On Wednesday, February 8, 2023, Google posted a thirty-second promo video for its new chatbot, Bard. In the video, someone asked Bard what new discoveries from the James Webb Space Telescope they could share with a nine-year-old. Bard answered with three bullets. The third one said James Webb had taken "the first images of a planet outside our solar system."

That's false. The first exoplanet was photographed in 2004 by the ESO's Very Large Telescope in Chile — almost twenty years before James Webb. An astronomer named Grant Tremblay caught it on Twitter that same afternoon.

The next day, Thursday, February 9, 2023, Alphabet stock fell 7.7 percent. A hundred billion dollars of market cap wiped out in one session. A factual slip in an ad demo. A hundred billion.

That scene is useful for understanding everything that came next. Google didn't react late to ChatGPT because it didn't get the technology — it had invented it. It reacted late because the pressure to react pushed it into shipping something that wasn't ready.

The irony of having invented the Transformer

In June 2017, eight Google Brain researchers published "Attention Is All You Need" (Vaswani et al., 2017). The paper proposed a neural network architecture built entirely on the attention mechanism — the Transformer architecture. It wasn't incremental. It was a full replacement for prior approaches (RNNs, LSTMs) on sequence tasks.

That architecture is the foundation running underneath GPT-4o, Claude Opus, Gemini 2.5 Pro, and every large language model on the market today. Google published it openly, with code and reference weights. It was a gift to the field.
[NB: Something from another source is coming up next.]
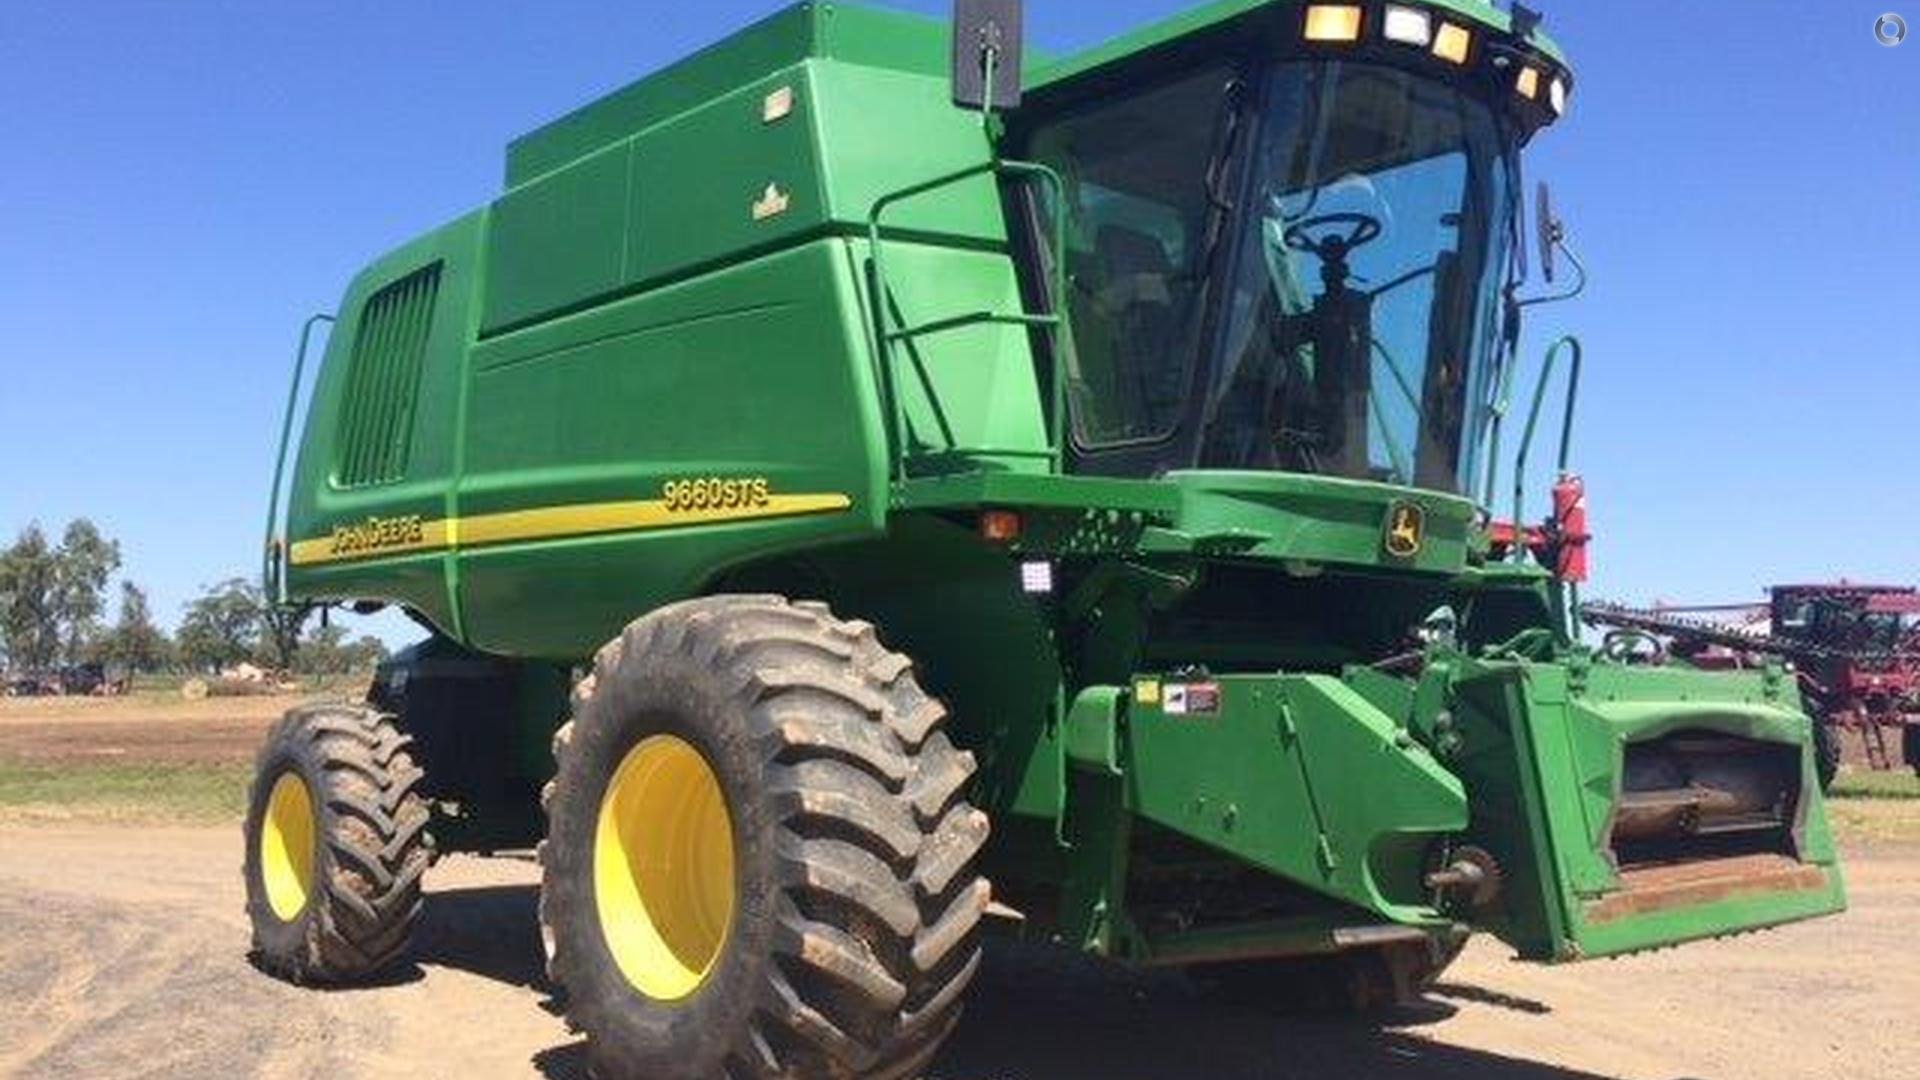 2004 John Deere 9660 STS Combine Harvester

What wasn't a gift was turning it into product. Google had BERT (2018) and LaMDA (2021) working internally. Sam Altman and his colleagues at OpenAI, meanwhile, packaged the same underlying ideas inside a chat box and opened it for free in November 2022. That difference — lab vs. product — explains almost everything.

The April 2023 reorg

Three months after the Bard mess, Sundar Pichai made a call Google had been avoiding since 2014. He merged Google Brain and DeepMind into a single entity, Google DeepMind, under single leadership: Demis Hassabis.

Until then, Google had run two AI research teams in parallel, with different cultures, different leadership, and some documented internal rivalry in the press. Brain was the Mountain View lineage, pragmatic and close to product. DeepMind was the London lineage, more academic and more ambitious on long horizons. The merger settled it: Hassabis runs the show, both teams execute.

In December 2023 Google rebranded the whole product as Gemini and introduced Gemini 1.0 in three sizes — Ultra, Pro, Nano. The unveiling came with another minor scandal: a promo video edited to look more fluid than the model actually was, which Google had to clarify publicly. But this time the product underneath worked. The technical conversation stopped being "Google is losing" and started being "Google is back in the fight."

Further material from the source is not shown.